In a word, ouch. Is that what my kids think of me?

I had to laugh. The sentiment had come from a generous place, not a judgmental one. When I thought about it, I realized he was just responding to my own complaints about my lack of schedule and direction and the loneliness of being a freelance writer/stay-at-home mom. It is I who have denigrated my own use of time and created in his mind the impression of his mother as someone who exists just slightly South of useless.

I began to defend myself weakly.

“Well,” I said, “I do write.” I thought to list off the various and sundry things I do as mistress of a household of four, as maker of morning smoothies and egg sandwiches, local café conversationalist, grocery shopping mad-woman, afternoon popcorn-popper, columnist, attempted novelist. … And, after all, I have to move the car twice a week.

But really, did I have to defend myself to my 10-year-old? Did I have to justify myself to anyone? The answer, sadly, is yes. But the person to whom I must ultimately justify myself is myself.

I am living proof of what I learned in the one angry Women’s Studies class I took in college: we mothers cannot have it all. Feminism seems just to have put a renewed pressure to “do something” besides the very hard job of parenting, to accomplish in one’s day something that can be held up very tangibly and told to people at parties.

In Park Slope, the bar is high. I am surrounded by Pulitzer-prize winning authors, Tony Award-winning playwrights, TV personalities, producers — in short the people who are arguably creating what the world thinks. It is no wonder that I feel slightly embarrassed in the presence of these people, slightly cowed as I try to build my own voice and balance those career aspirations with my great desire to pick up my kids from school most days and be available should they need me.

The conversation comes up all the time with my stay-at-home mom friends, those who do some sort of outside work and those who don’t, who float around during the day like I do trying to meaningfully fill the time between pick-up and drop-off: how do we justify ourselves to ourselves.

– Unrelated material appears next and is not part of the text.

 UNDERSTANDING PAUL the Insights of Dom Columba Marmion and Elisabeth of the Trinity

Sadly, those mothers with full-time jobs often feel the need to do the same, and imagine all they would do if they ever could stay home, not unlike the retirees I encounter in my travels who spent their whole careers daydreaming of luxuriating in boring bliss only to find being bored is boring.

The kids in the neighborhood, like my own, pick up on the vibrations of what people “should” do, and have learned well what is what, that “success” is something that is won, mostly, outside the home.

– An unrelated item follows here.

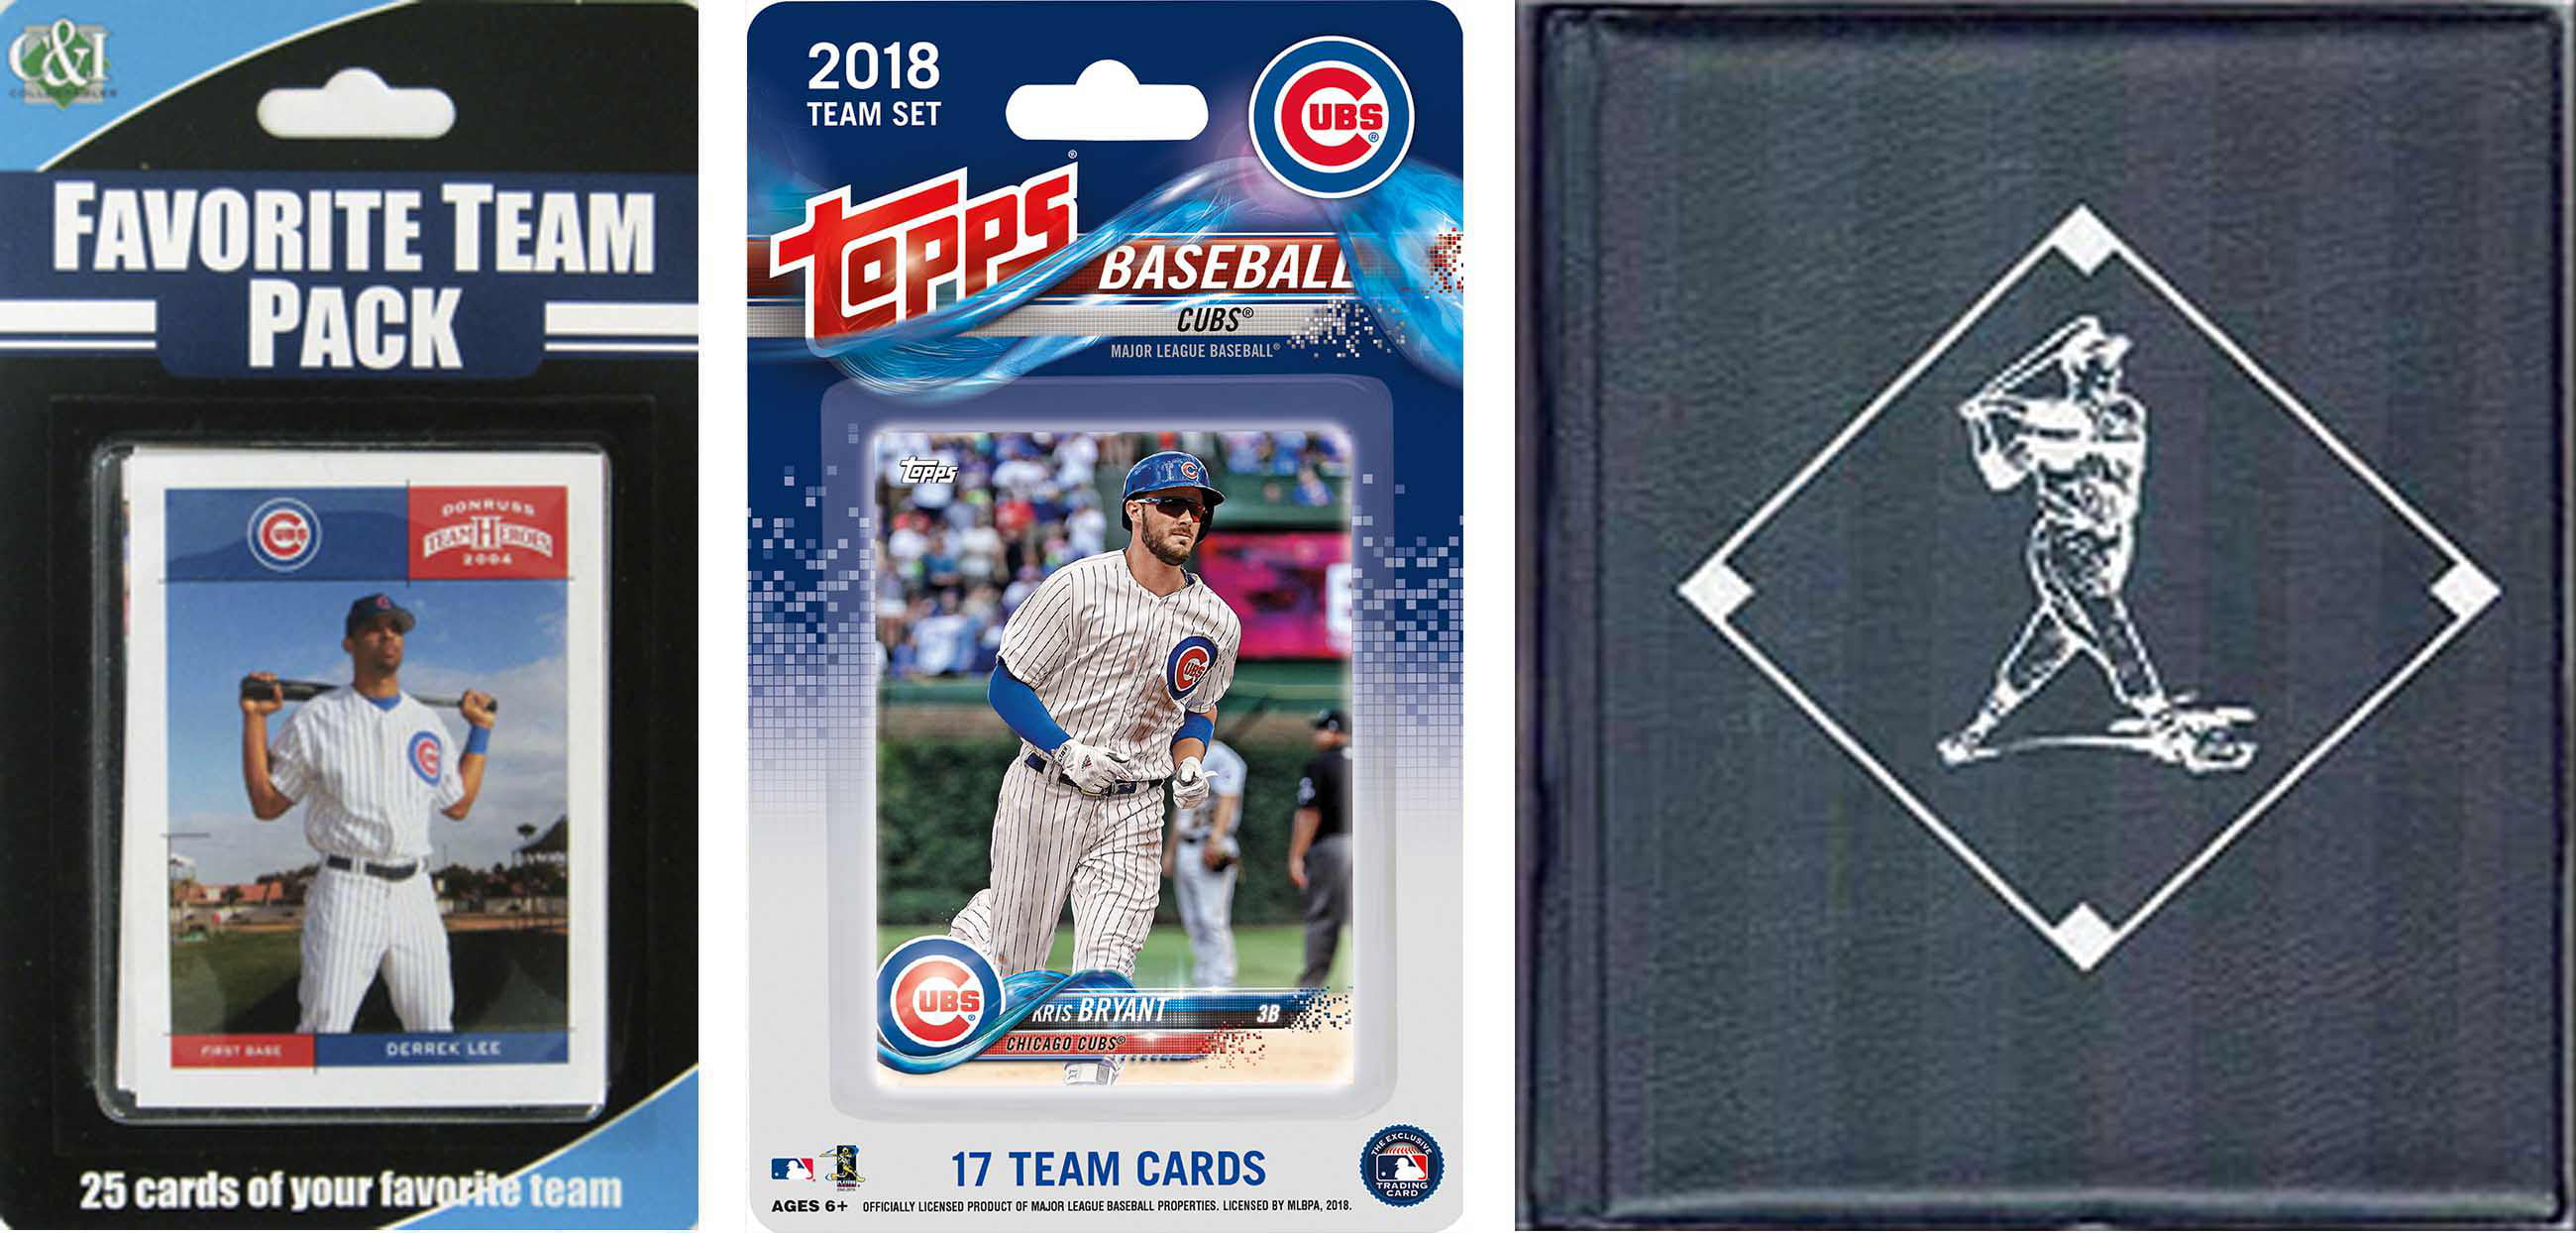 C & I Collectables CUBSTSC18 MLB Chicago Cubs Licensed 2018 Topps Team Set & Favorite Player Trading Cards Plus Storage Album -  C & I Collectables Inc

One afternoon, Oscar was telling a friend how I was often late for pick-up, and then in the next breath justified it slightly by noting that, after all, her father was sometimes late, too.

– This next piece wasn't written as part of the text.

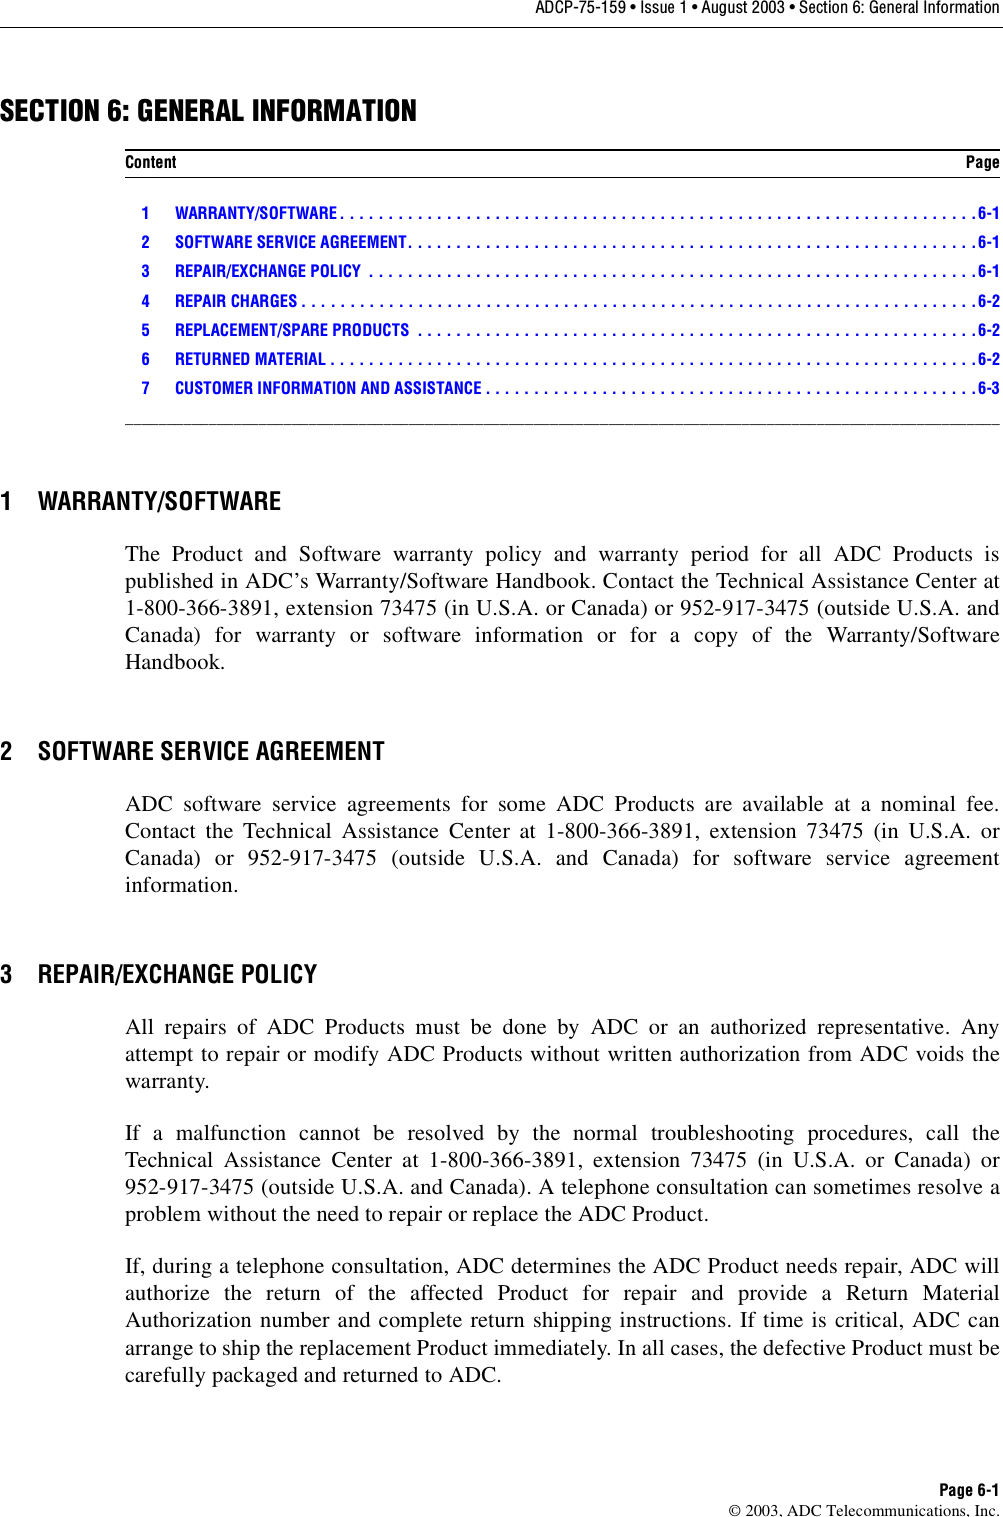 ADCP-75-159 • Issue 1 • August 2003 • Section 6: General InformationPage 6-1© 2003, ADC Telecommunications, Inc.SECTION 6: GENERAL INFORMATION1 WARRANTY/SOFTWARE . . . . . . . . . . . . . . . . . . . . . . . . . . . . . . . . . . . . . . . . . . . . . . . . . . . . . . . . . . . . . . . . . .6-12 SOFTWARE SERVICE AGREEMENT. . . . . . . . . . . . . . . . . . . . . . . . . . . . . . . . . . . . . . . . . . . . . . . . . . . . . . . . . . .6-13 REPAIR/EXCHANGE POLICY  . . . . . . . . . . . . . . . . . . . . . . . . . . . . . . . . . . . . . . . . . . . . . . . . . . . . . . . . . . . . . . .6-14 REPAIR CHARGES . . . . . . . . . . . . . . . . . . . . . . . . . . . . . . . . . . . . . . . . . . . . . . . . . . . . . . . . . . . . . . . . . . . . . .6-25 REPLACEMENT/SPARE PRODUCTS  . . . . . . . . . . . . . . . . . . . . . . . . . . . . . . . . . . . . . . . . . . . . . . . . . . . . . . . . . .6-26 RETURNED MATERIAL . . . . . . . . . . . . . . . . . . . . . . . . . . . . . . . . . . . . . . . . . . . . . . . . . . . . . . . . . . . . . . . . . . .6-27 CUSTOMER INFORMATION AND ASSISTANCE . . . . . . . . . . . . . . . . . . . . . . . . . . . . . . . . . . . . . . . . . . . . . . . . . . .6-3_________________________________________________________________________________________________________1 WARRANTY/SOFTWAREThe Product and Software warranty policy and warranty period for all ADC Products ispublished in ADC’s Warranty/Software Handbook. Contact the Technical Assistance Center at1-800-366-3891, extension 73475 (in U.S.A. or Canada) or 952-917-3475 (outside U.S.A. andCanada) for warranty or software information or for a copy of the Warranty/SoftwareHandbook.2 SOFTWARE SERVICE AGREEMENTADC software service agreements for some ADC Products are available at a nominal fee.Contact the Technical Assistance Center at 1-800-366-3891, extension 73475 (in U.S.A. orCanada) or 952-917-3475 (outside U.S.A. and Canada) for software service agreementinformation.3 REPAIR/EXCHANGE POLICYAll repairs of ADC Products must be done by ADC or an authorized representative. Anyattempt to repair or modify ADC Products without written authorization from ADC voids thewarranty.If a malfunction cannot be resolved by the normal troubleshooting procedures, call theTechnical Assistance Center at 1-800-366-3891, extension 73475 (in U.S.A. or Canada) or952-917-3475 (outside U.S.A. and Canada). A telephone consultation can sometimes resolve aproblem without the need to repair or replace the ADC Product.If, during a telephone consultation, ADC determines the ADC Product needs repair, ADC willauthorize the return of the affected Product for repair and provide a Return MaterialAuthorization number and complete return shipping instructions. If time is critical, ADC canarrange to ship the replacement Product immediately. In all cases, the defective Product must becarefully packaged and returned to ADC.Content Page

“Yes,” she said innocently, “but my father has a good reason. He has a very important job…”

When I laughed, and pointed out that I am, in fact, a writer (not that I should have to defend myself), she acquiesced with a sweet thoughtful nod.

“Yes,” she said. “You do have that column…”

Kids just say the things the adults think but often don’t say, of course. Self-esteem in this day and age, probably like in the ages before it and almost surely after, is a hard thing to find. Will it be better if I ever actually publish a book? Would the kids and the other parents and I feel slightly better about my “doing nothing” if there was something more solid to show for it? But what if the book sucks, never makes it on to the NY Times bestseller list like so many of my neighbors have? What if my first book is great, and I never write another? Where does the pressure and self-judgment end?

There is a balance, and I am fortunate enough to have the time and money to try to find it. But it ain’t easy. I call Big G sometimes in the middle of the day just to list off a few things I have done, to get his proverbial pat on the head.

I texted him the other day after I’d lamented about the task of going out in the rain to move the car.

“I did it!” I said after pushing myself to simply walk out of the house and spend 10 minutes to find a parking space.

If only I could focus on the list of things I do instead of those I haven’t done. If only. I need to start so that my kids will be less hard on themselves in their own lives, so that they too might see the value in something less than someone else’s idea of “doing something.”